For example, I was able to dive into a series of side missions and challenges right from the Activities menu in Spider-Man: Miles Morales without having to actually find them in-game, saving me time I’d have to otherwise spend swinging around Manhattan. You can also access the Activities menu right from your Game Library before you even boot up a game, meaning I was able to hop right into a specific level in Astro’s Playroom without having to deal with any menus.

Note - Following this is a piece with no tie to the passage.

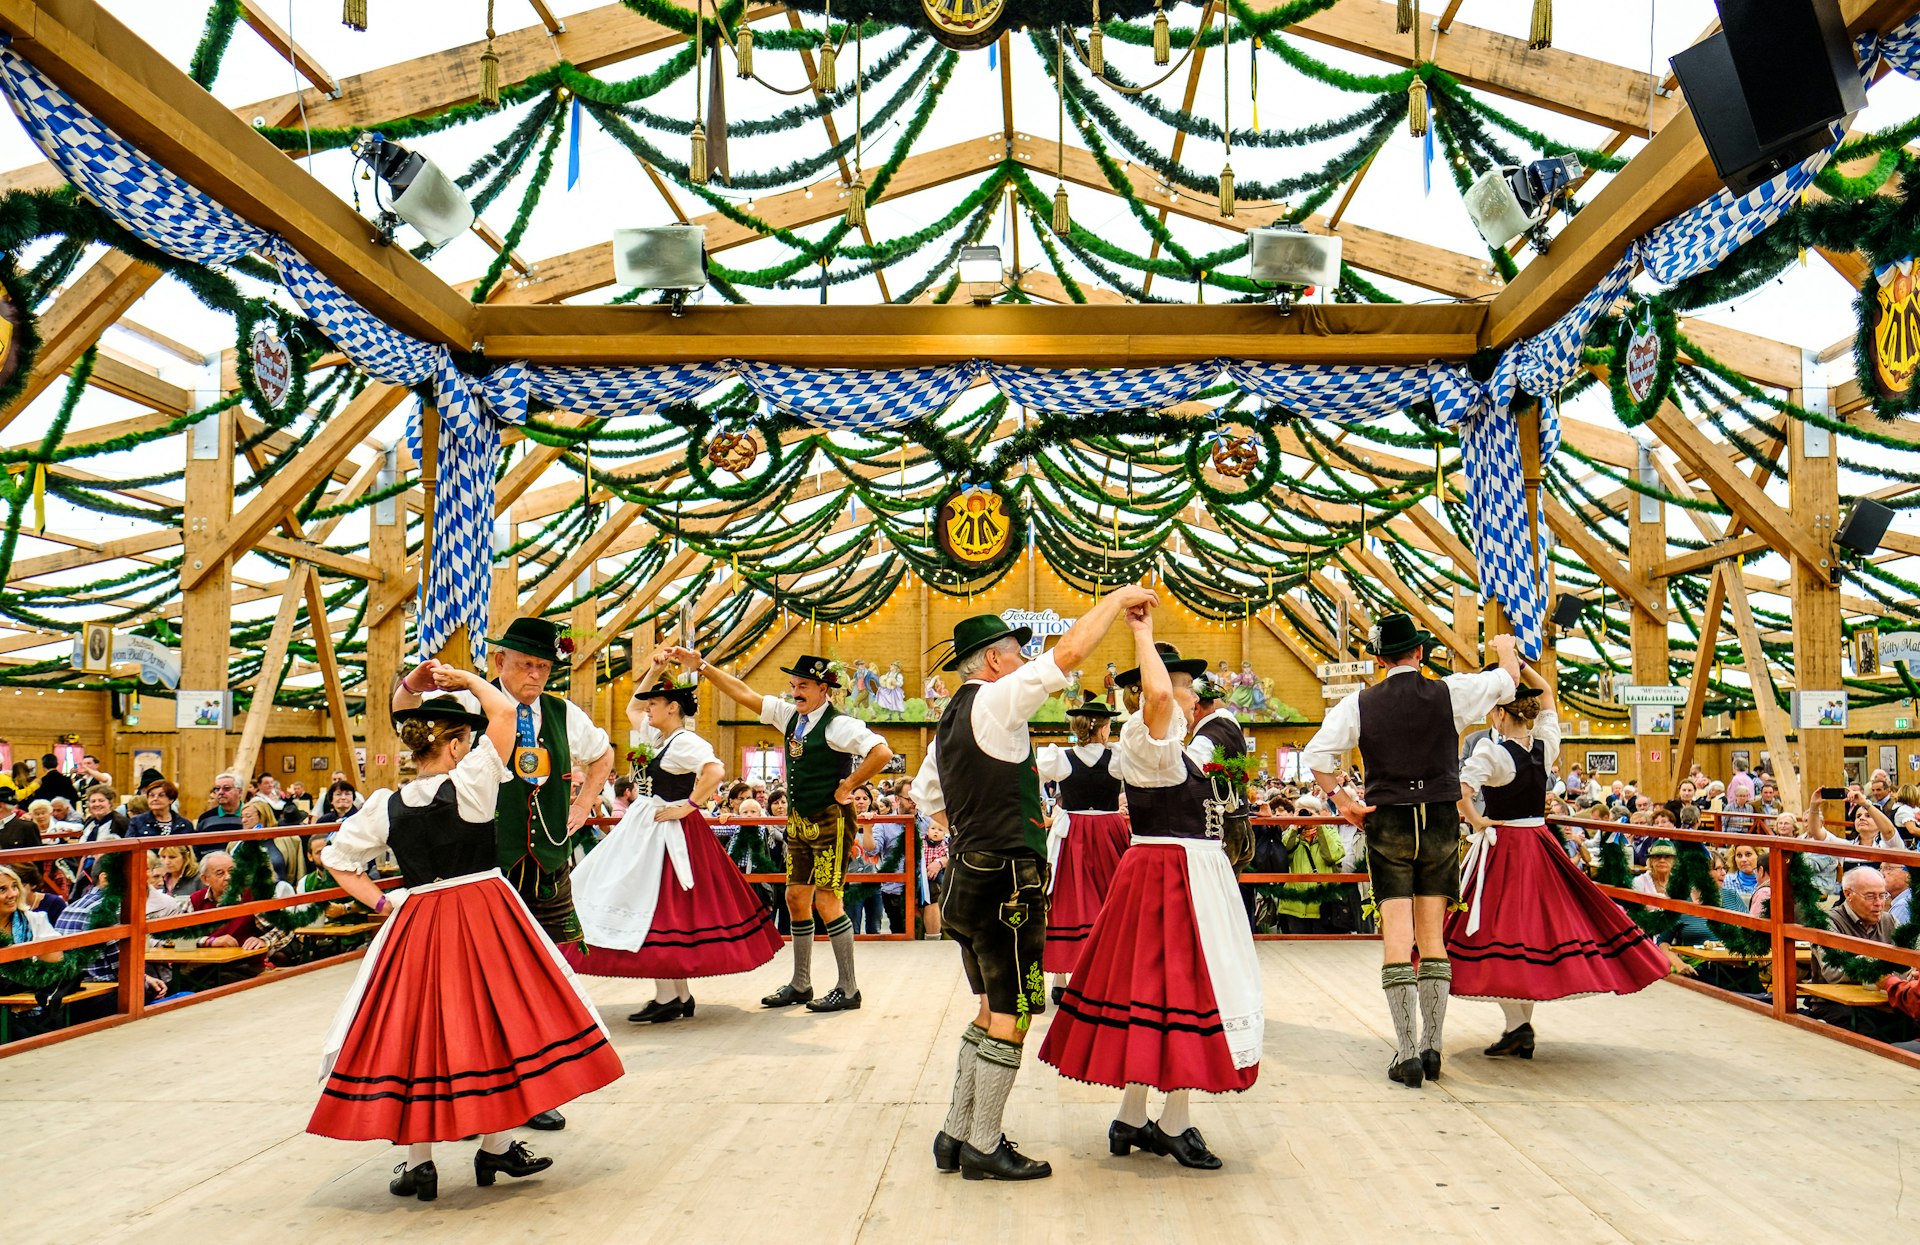 Carrying on the traditional dancing at Oktoberfest

As someone who doesn’t always have a ton of free time, the ability to jump to a specific chunk of a game at a system level isn’t just appreciated — it’s downright revolutionary. While it may seem like a minor concession to some, the Activities menu could end up changing the way we play games, and I’m really eager to see how developers take advantage of it in the coming years.

PS5

(Image credit: Sony)

My biggest gripe with the PS5 on a software level is that, unlike the Xbox Series X and S, Sony’s console doesn’t seem to be able to suspend multiple titles at once. While Xbox’s Quick Resume feature lets you seamlessly jump between half-a-dozen games while picking up right where you left off in each one, the PS5 requires you to boot up each game from scratch. 

What’s more frustrating is that the console doesn’t warn you when your existing game will close in favor of a new one, which could lead to you losing unsaved progress. While the PS5’s load times are so fast that the lack of Quick Resume isn’t a huge issue, it’s a bummer that Sony’s console doesn’t have an answer to one of the Series X’s most convenient features.

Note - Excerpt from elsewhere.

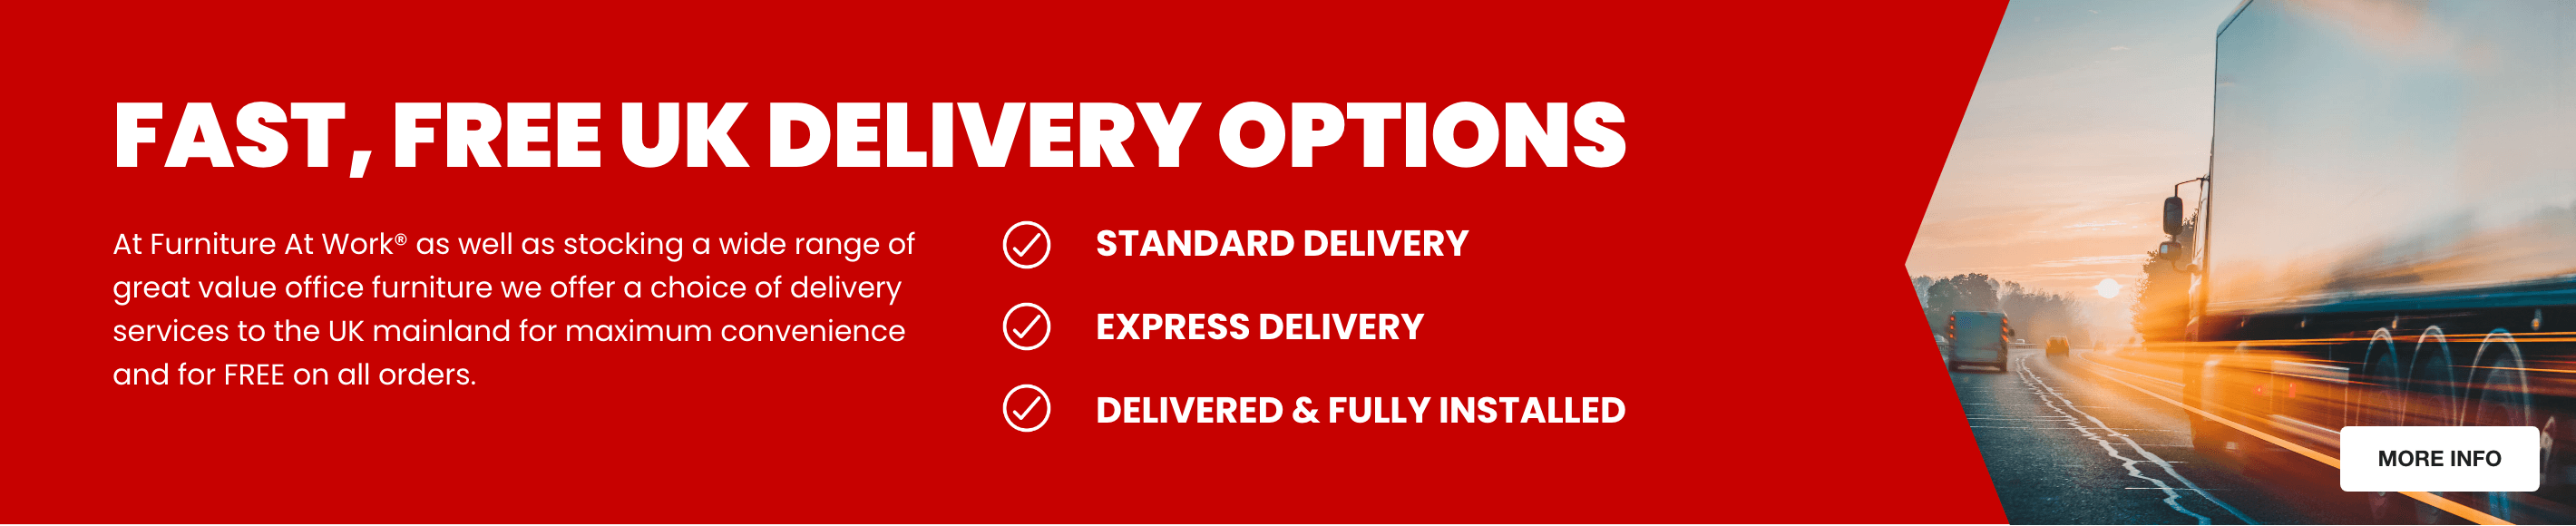 Fast, free UK delivery options

PS5 review: DualSense controller 

PS5

(Image credit: Tom's Guide)

The PS5 DualSense controller just might be the most next-gen thing about Sony’s new console. The gamepad’s haptic feedback, adaptive triggers and built-in speaker work together brilliantly, creating a level of tactile immersion I’ve simply never experienced while playing a game before.

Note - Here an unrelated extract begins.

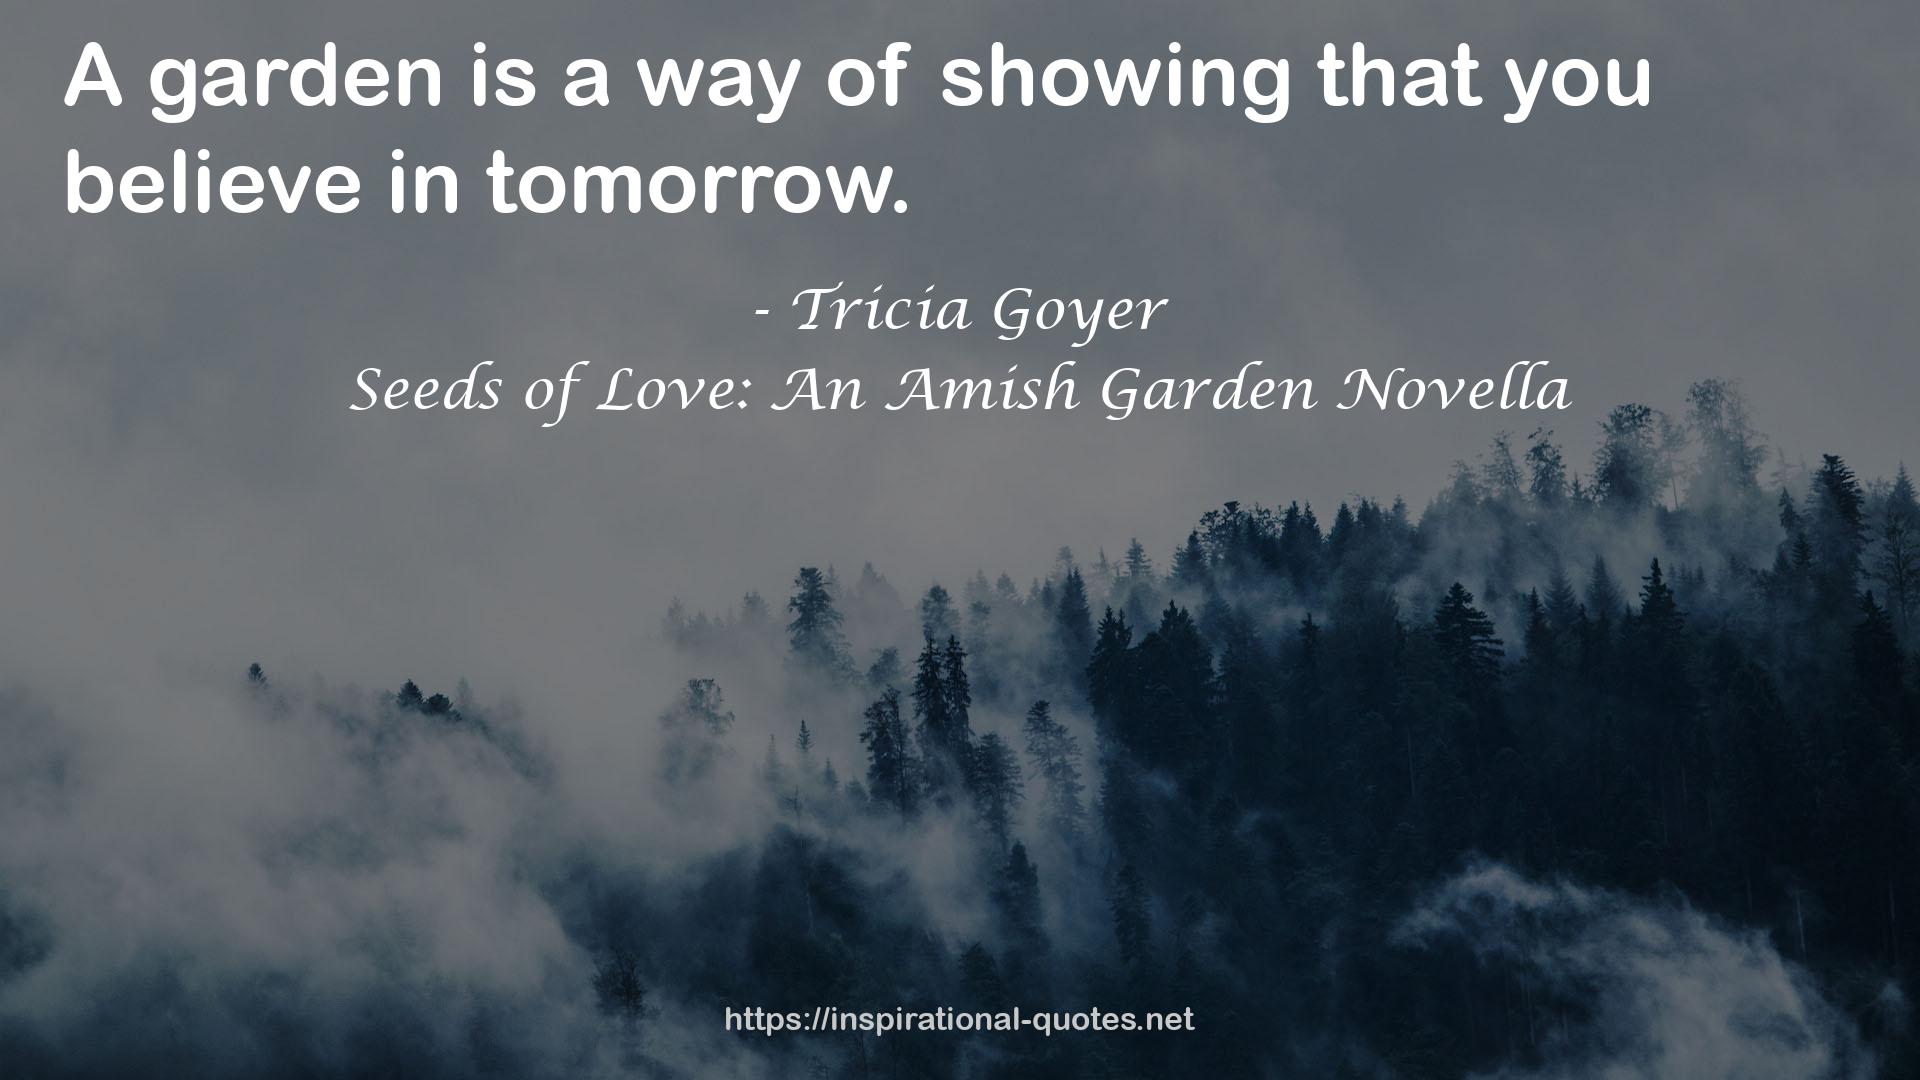 Seeds of Love: An Amish Garden Novella QUOTES

The DualSense especially shines in Astro’s Playroom, a free, pre-installed title built specifically to showcase what Sony’s new controller can do. In this colorful 3D platformer, you can feel and hear the subtle impact of grains of sand while walking through a storm, or experience a smooth gliding sensation when skating over ice, just to name a few examples. Everything from pulling on a rope to gliding around in a jetpack generates an extremely detailed level of force feedback. It’s the kind of thing you truly need to feel to believe. 

PS5

(Image credit: Tom's Guide)

The adaptive triggers are especially impressive, as they can become harder to actuate based on what’s happening in-game. For example, the triggers gave much more resistance when I was controlling my character in a spring-loaded jumpsuit, accurately replicating the feeling of pushing down on a spring and releasing it. Games can even take advantage of the DualSense’s built-in microphone, as I had to blow on the controller to move a platform of ice in Astro’s Playroom.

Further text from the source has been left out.